Previously, you may have investigated translations, reflections, and dilations of two-dimensional figures on the coordinate plane. You also may have developed algebraic rules for each of these transformations.

In the figure on the left, quadrilateral *ABCD* is translated left 9 units and down 7 units to create quadrilateral *A'B'C'D'*.

The algebraic rule for this translation is as follows:

(*x*, *y*) → (*x* − 9, *y* − 7)

In the figure on the left, quadrilateral *ABCD* is reflected across the *y*-axis in order to generate quadrilateral *A'B'C'D'*.

The algebraic rule for this reflection is as follows:

(*x*, *y*) → (-*x*, *y*)

In the figure on the left, quadrilateral *ABCD* is dilated by a scale factor of 2 using the origin as the center of dilation in order to generate quadrilateral *A'B'C'D'*.

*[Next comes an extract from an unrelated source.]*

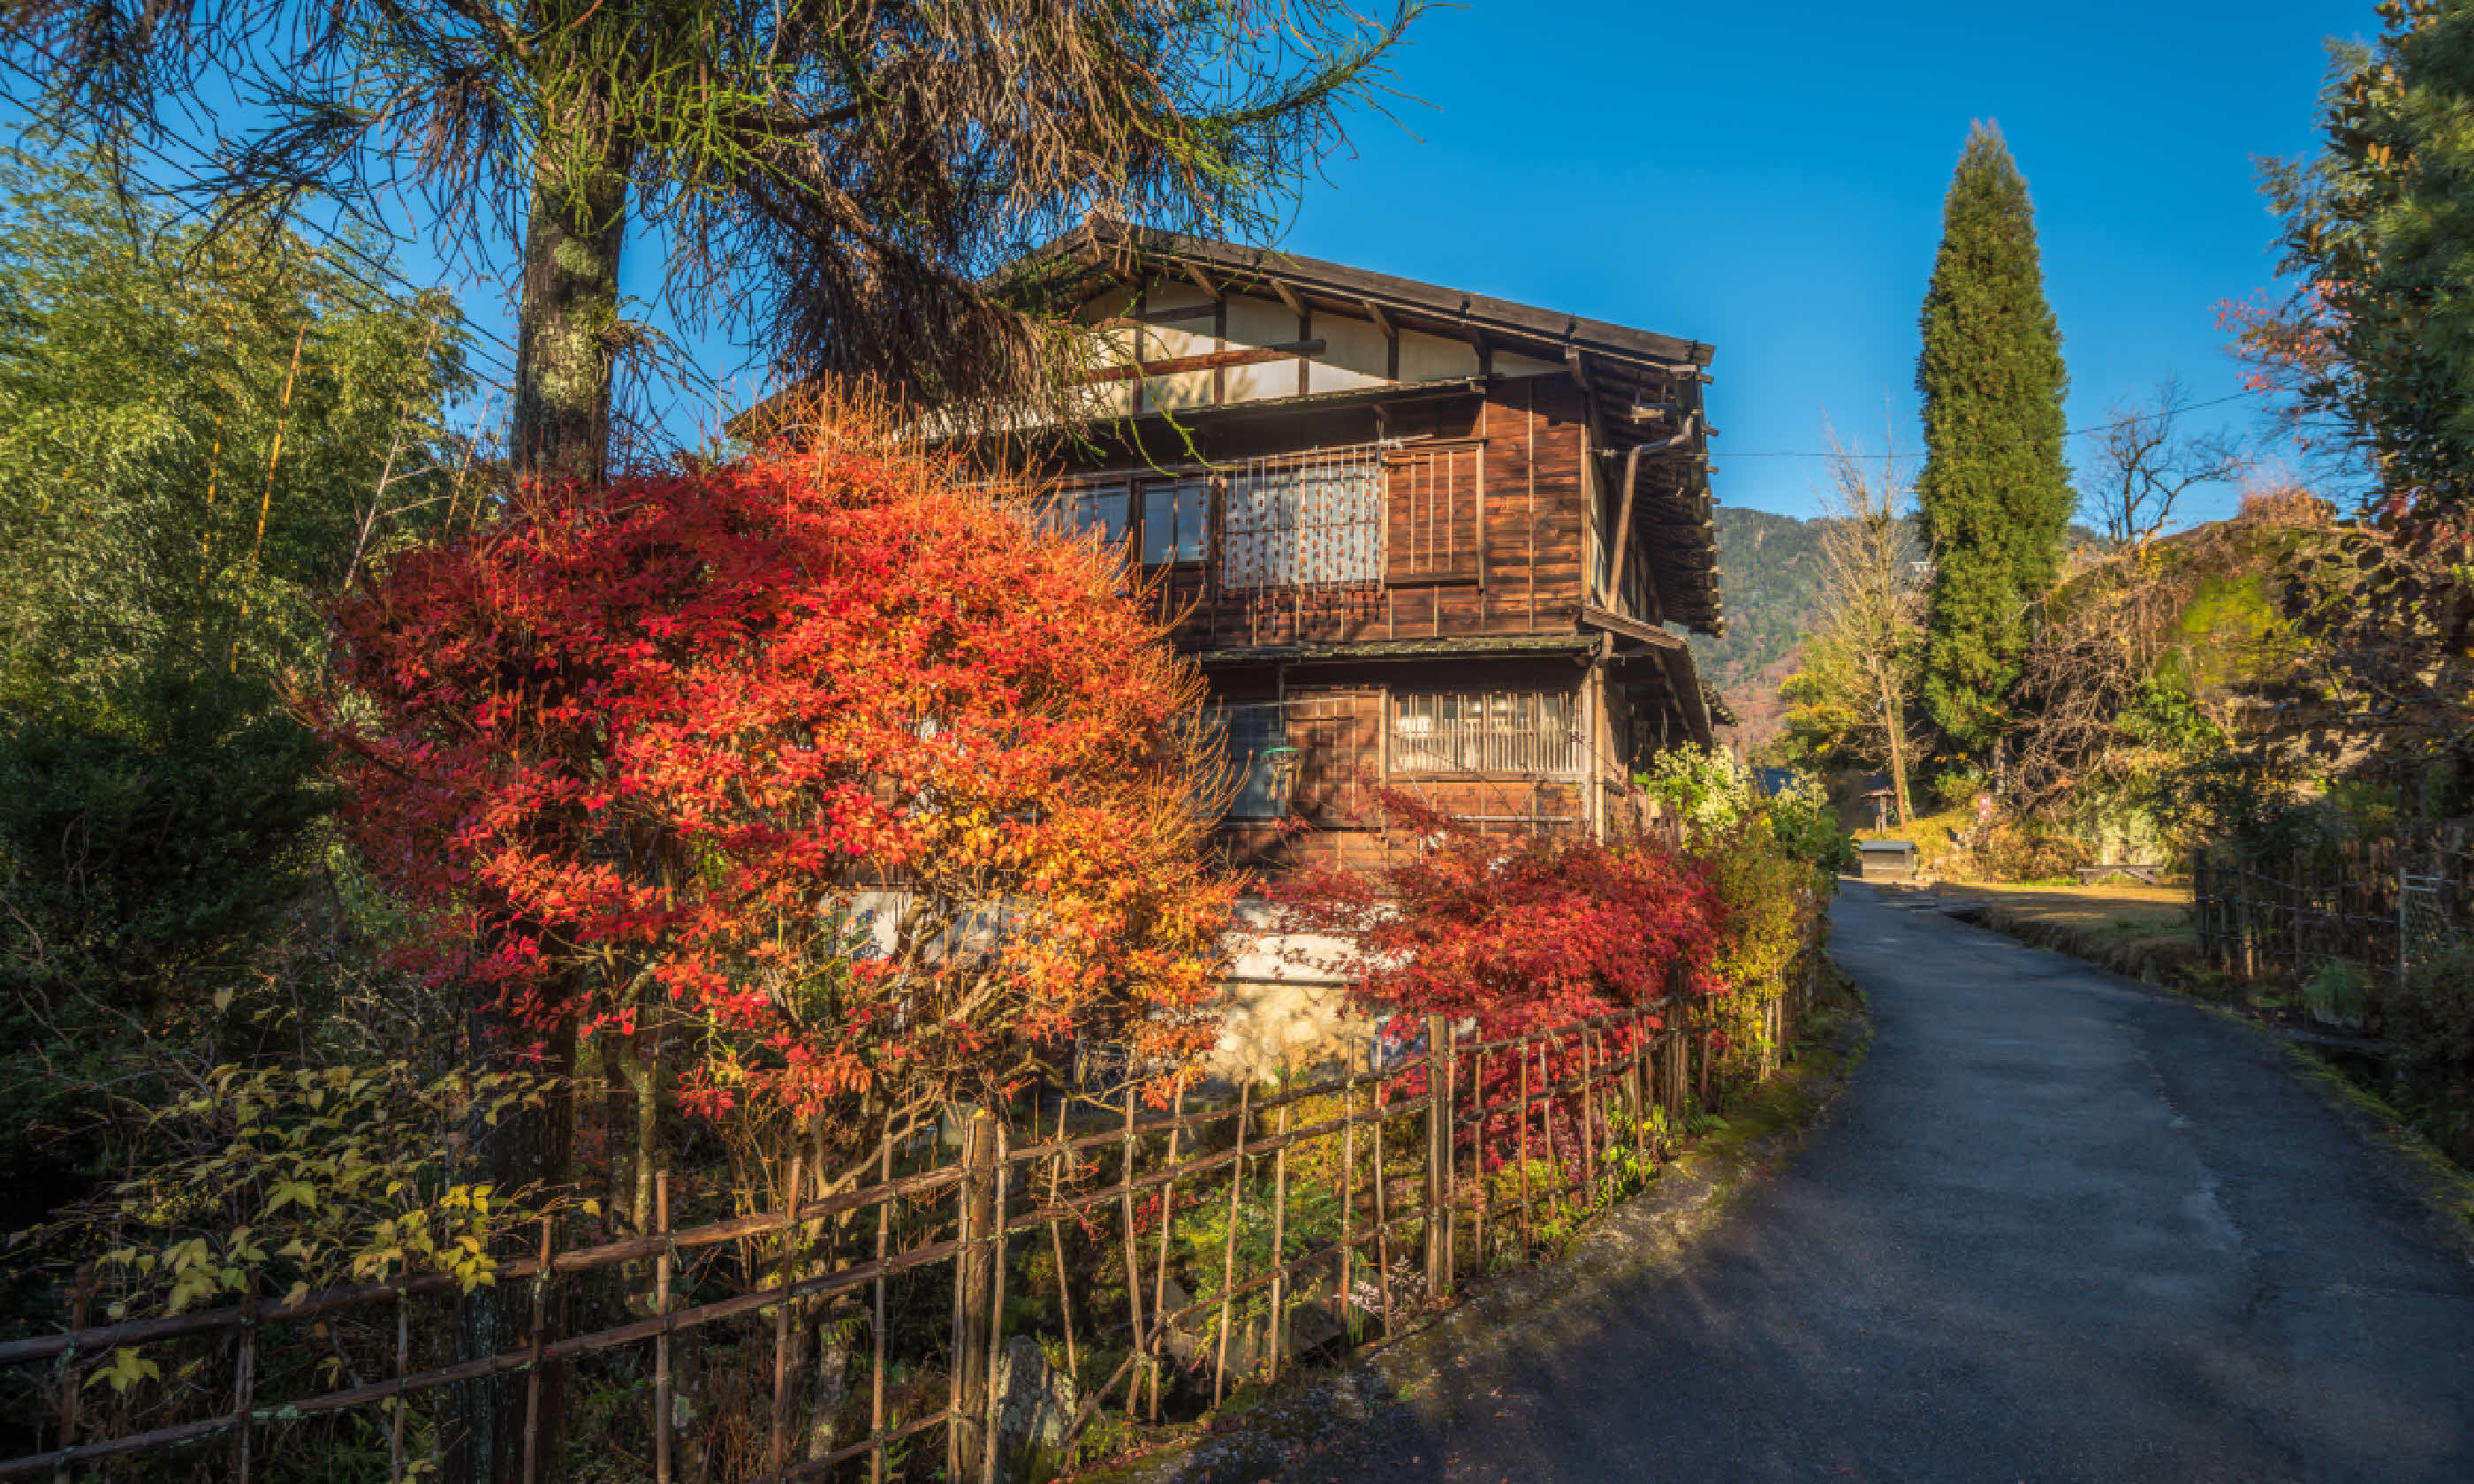 Tsumago, scenic traditional post town in Japan (Shutterstock: see credit below)

The algebraic rule for this reflection is as follows:

(*x*, *y*) → (2*x*, 2*y*)

In this lesson, you will first extend what you know about coordinate transformations to rotations of two-dimensional figures by 90°, 180°, and 270°. You will also distinguish between transformations that generate congruent figures and transformations that do not. Further, you will generalize particular attributes of figures, such as side lengths or angle measures that are preserved with different transformations.